Under the Hood: Technology Stack
Although Microsoft has not officially disclosed the technical stack, researchers believe it leverages:
- Azure OpenAI’s multi-modal GPT models
- Custom image-captioning systems built on:
- CLIP (Contrastive Language-Image Pre-training)
- BLIP (Bootstrapped Language Image Pretraining)
These models are trained on large datasets of image-caption pairs and are capable of:
- Understanding spatial relationships
- Distinguishing between objects
- Recognizing color schemes and actions
By training the models on Windows UI data, Microsoft has extended their utility to describe:
- Software buttons
- Navigation menus
- App interfaces
Applications in Productivity and Education
Beyond accessibility, Describe Image serves as a tool for enhancing learning and workflow efficiency:
In Education:
- Helps students interpret visual data like charts or historical images
- Aids understanding without requiring additional context
In Business:
- Streamlines image review for graphic designers, marketers, and journalists
- Automates image tagging and identification in large datasets
Use Case:
A project manager reviewing QA screenshots can use Describe Image to generate summaries and quickly flag important visuals. An educator building e-learning content can ensure all imagery is alt text-enabled through AI descriptions.

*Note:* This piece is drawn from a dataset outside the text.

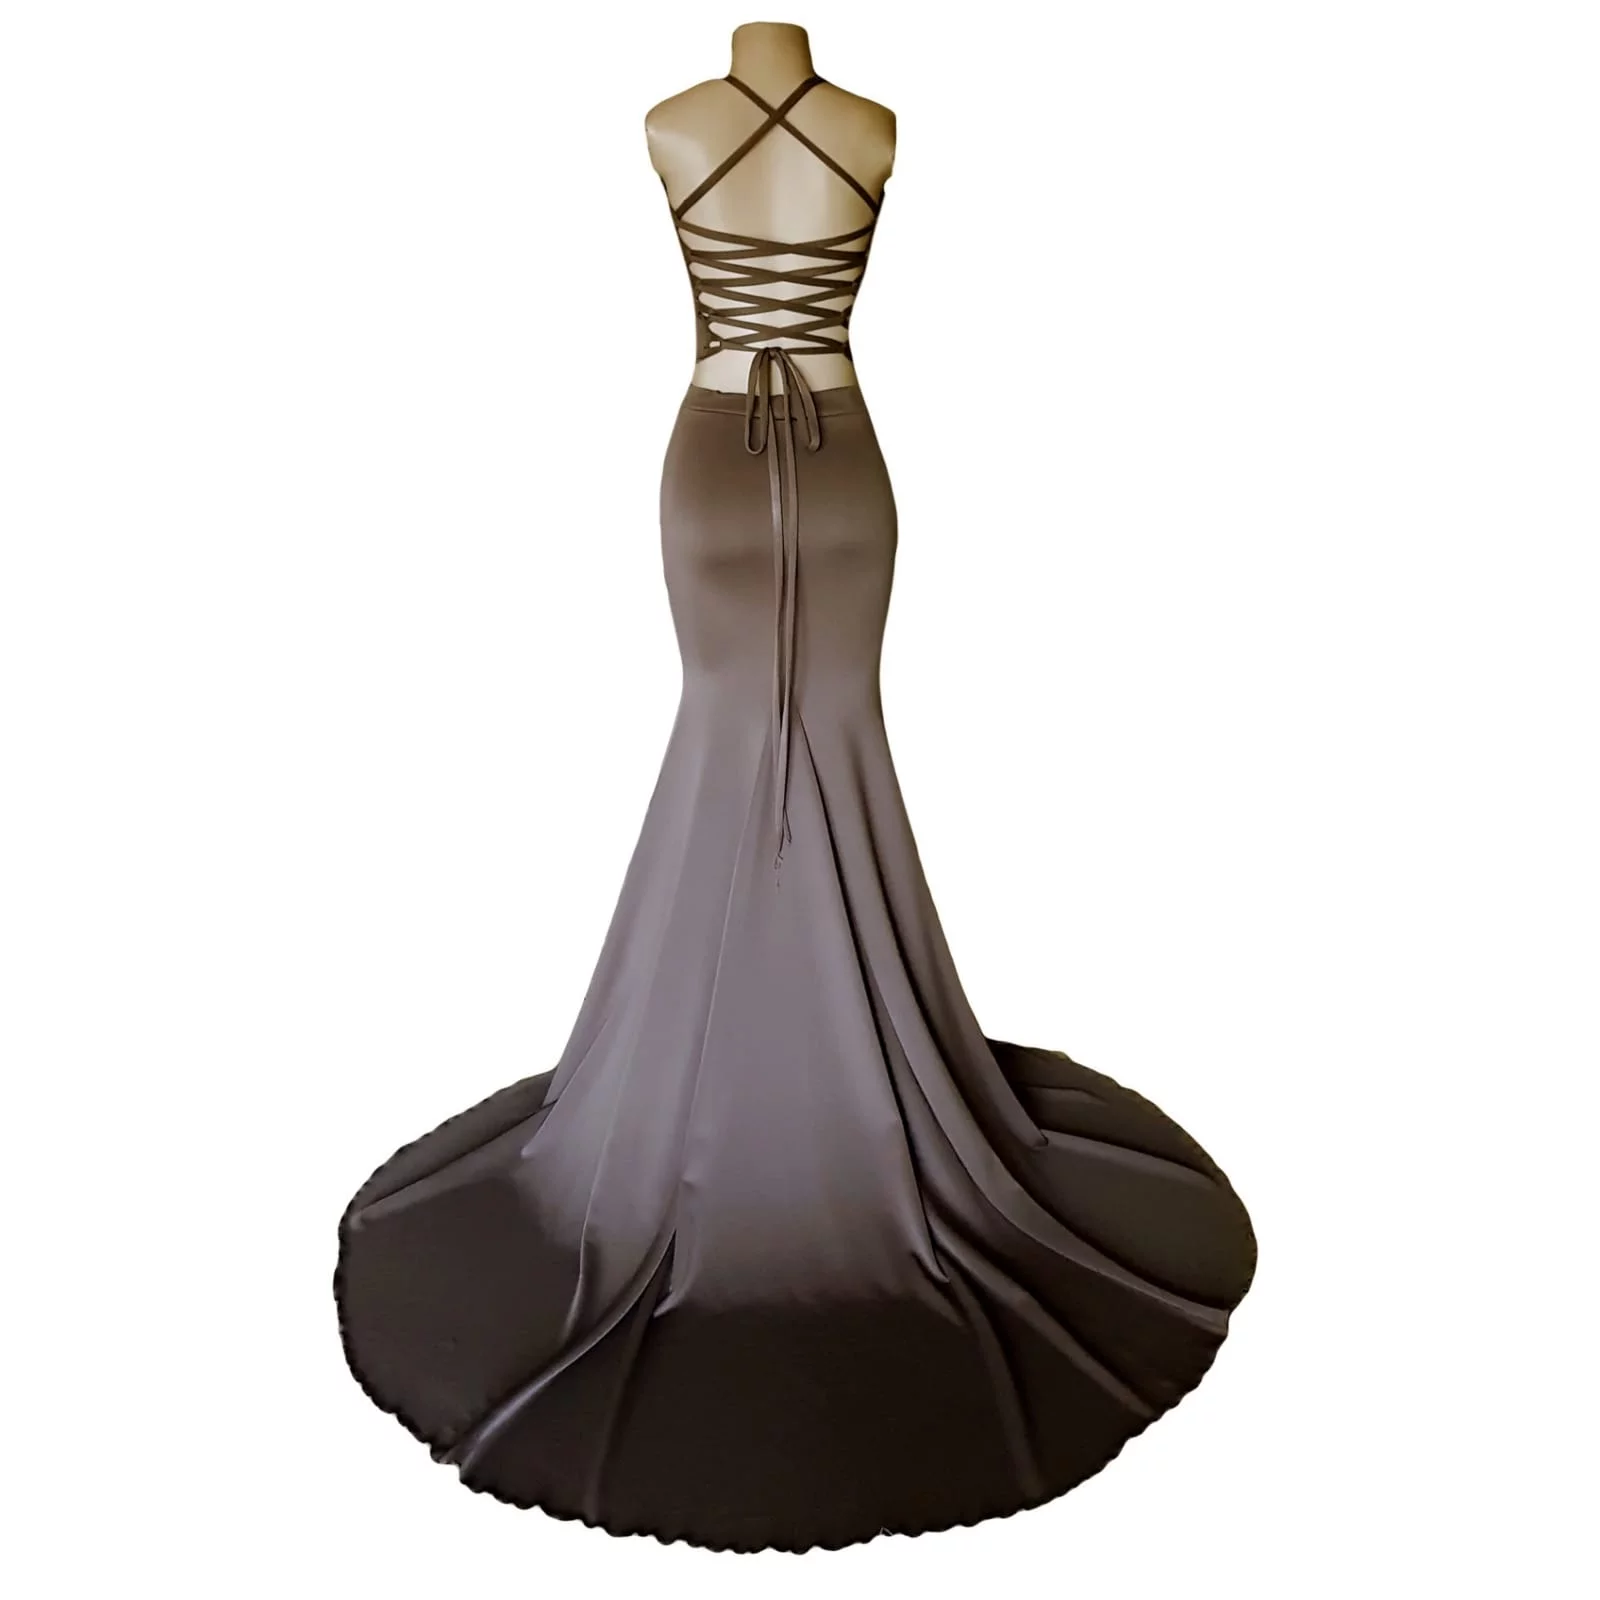 2 piece brown grey matric dance dress 4 2 piece brown grey matric dance dress. Skirt as a soft mermaid. Top with an open lace up back. Bust detailed with sequins. With a long train.

Early Feedback and Future Improvements
Though still in testing, early reactions are largely positive. Users praise its:
- Accuracy in many contexts
- Speed and ease of use
Identified Challenges:
- Struggles with ambiguous or metaphorical visuals
- Occasional misidentification (e.g., stylized logos mistaken for generic icons)

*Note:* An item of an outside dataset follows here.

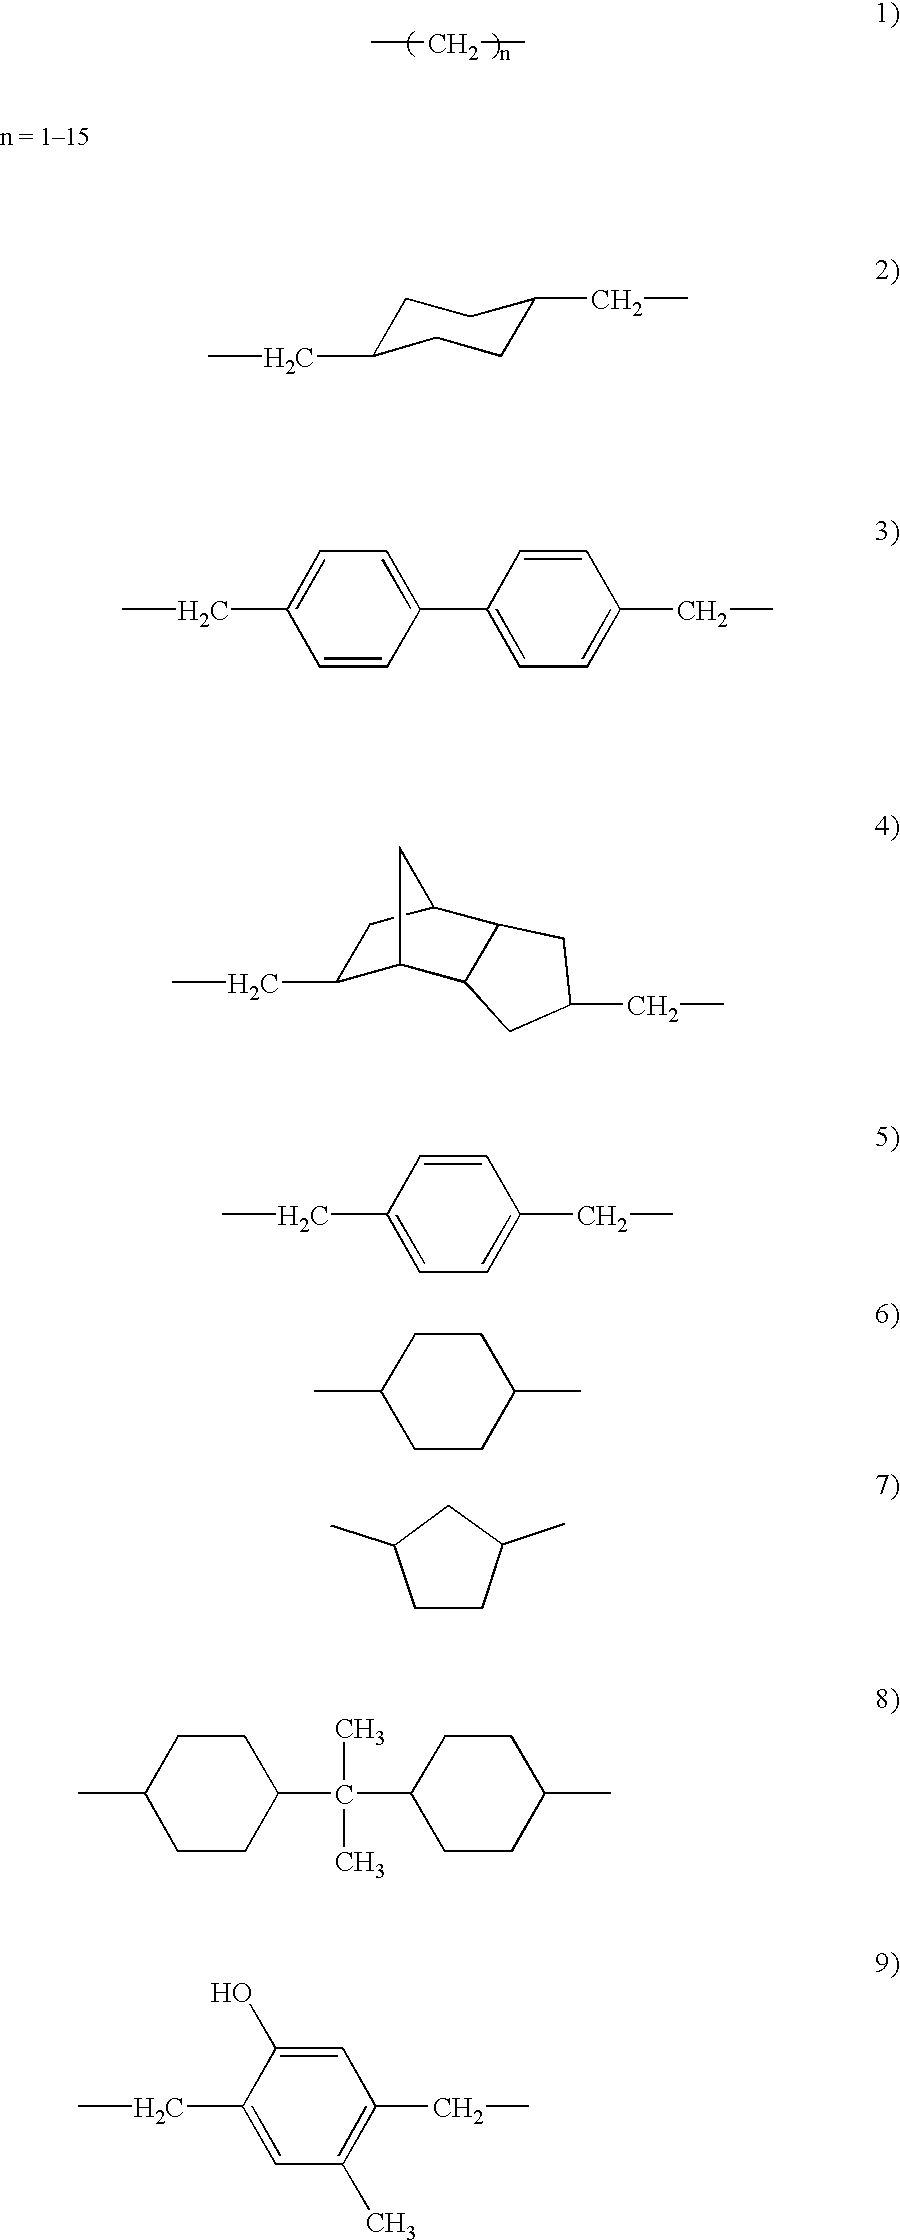 Reworkable b-stageable adhesive and use in waferlevel underfill

Microsoft has invited testers to submit feedback, which will help refine the system. Future updates may include:
- Voice support, allowing verbal descriptions through Windows Narrator
- Enhanced privacy controls and local-only inference options
- Optional cloud-based enhancements for improved model accuracy
Microsoft’s Broader AI Vision
Describe Image is part of Microsoft’s strategy to integrate AI deeply into the Windows ecosystem. Copilot is evolving from an assistant to a collaborative AI partner capable of:
- Perceiving
- Understanding
- Generating cross-modal content
The company emphasizes its commitment to responsible AI, focusing on:
- Transparency
- User control
- Ethical deployment, particularly in accessibility-focused features
The Road Ahead
Currently, Describe Image is only available to select users of Copilot Plus PCs. However, a wider release is expected later this year, including:
- Expanded language support
- Deeper integration across Windows 11 and Microsoft 365
- Enhanced motif recognition and personalization
If widely adopted, Describe Image could become a signature Copilot feature, turning static images into interactive, searchable, and actionable content — further establishing Microsoft as a leader in accessible and intelligent computing.
Conclusion
While it may appear as a minor addition, Describe Image represents a major leap forward in how machines process and interpret visual content. By integrating this capability into Copilot Plus PCs, Microsoft is forging a smarter and more inclusive digital landscape—where every image can speak, and every user can listen.